All patients had their NSTIs correctly diagnosed by CT scanning, and there were no false-negative test results. All 25 had abnormally enhanced soft tissues, indicative of inflammation and necrosis; 9 also had gas across tissue planes, and 7 had fluid collections. One patient had an initially equivocal scan result; therefore, another scan was performed 12 hours later and showed signs of NSTI. He underwent debridement and fared well. Of the 42 patients without NSTI, the CT result was false positive in 8 (19%; Table 1). The consistent finding was abnormal enhancement of soft tissues in all 8 patients and fluid collections in 3. The fluid collections were eventually found to be abscesses from pyomyositis and required drainage. One of these patients had an initially equivocal scan; therefore, another scan was performed 24 hours later and deemed to be suggestive of NSTI, but the result of the surgical exploration was negative. The sensitivity of CT was 100%, specificity was 81%, PPV was 76%, and NPV was 100%.

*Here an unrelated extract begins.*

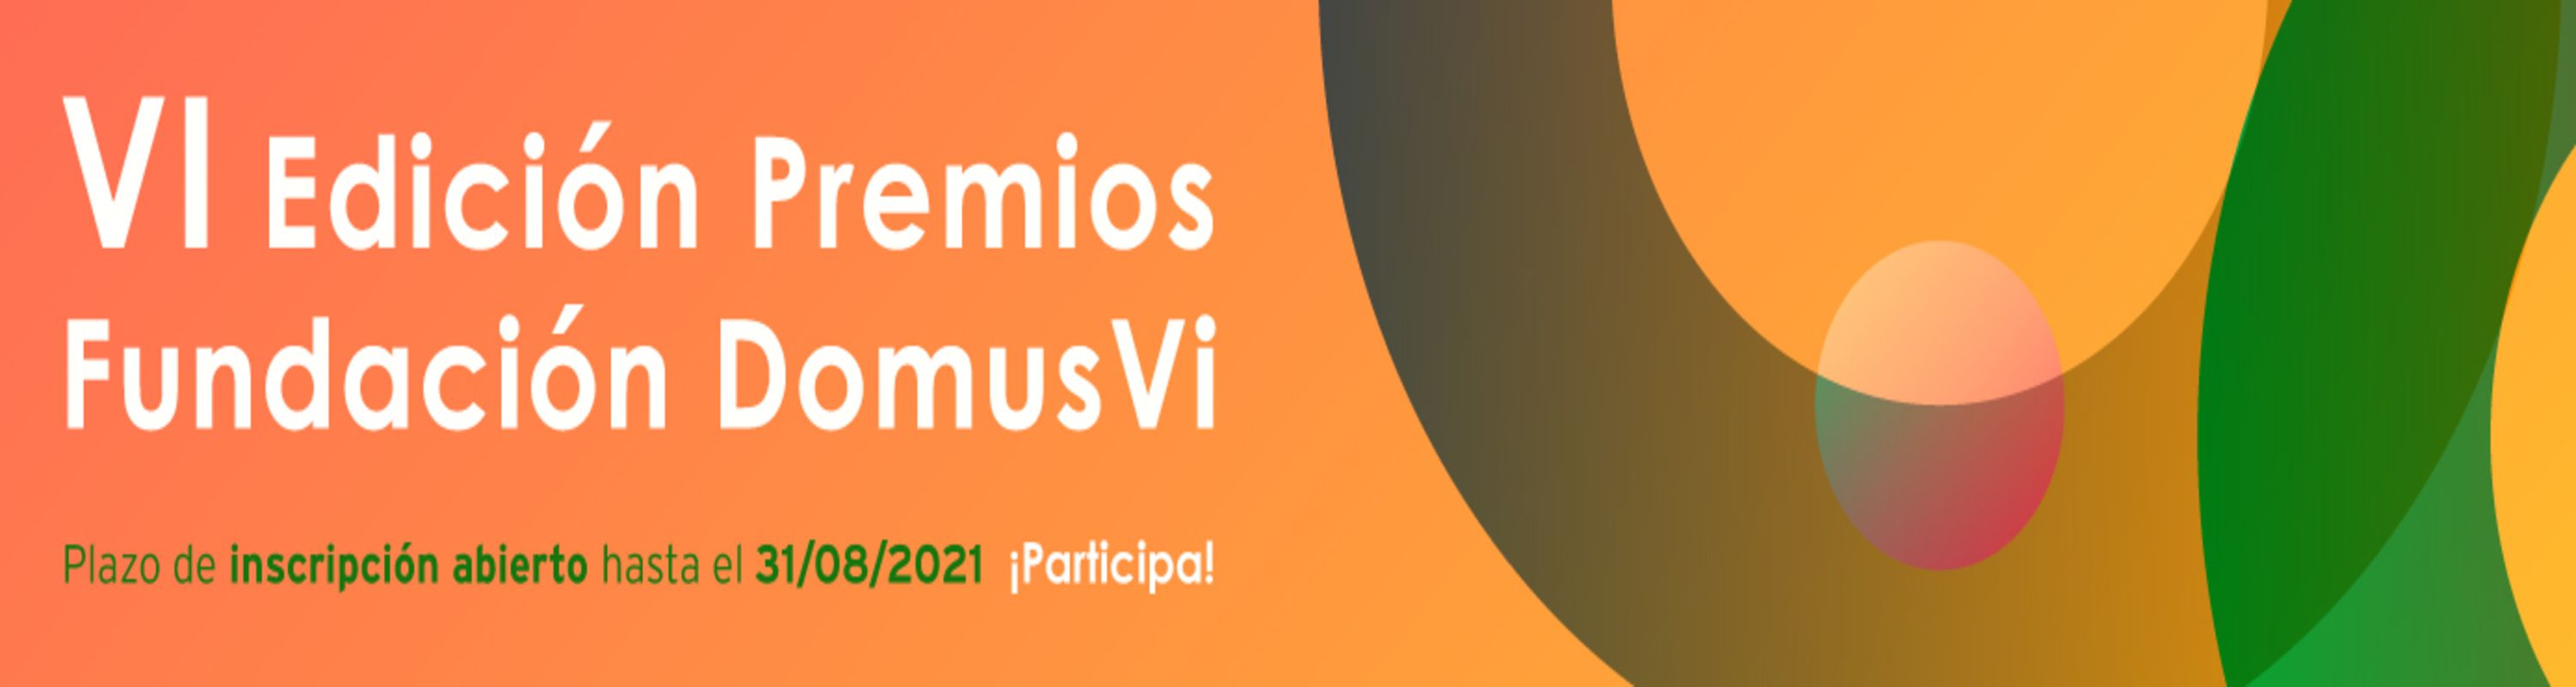 Banner web VI Edicion Premios Fundacion (4)

Patients with a true- and false-positive CT result were compared (Table 2). None of the examined variables showed statistically significant differences. No outcome differences were found between patients who underwent imaging with the 16- vs 64-section scanner.
Our findings suggest that a negative CT result can reliably exclude NSTI in patients with soft tissue infections and thus prevent unnecessary surgical explorations with their associated complications. When the CT result is positive, it correctly identifies the disease with a likelihood of 76%.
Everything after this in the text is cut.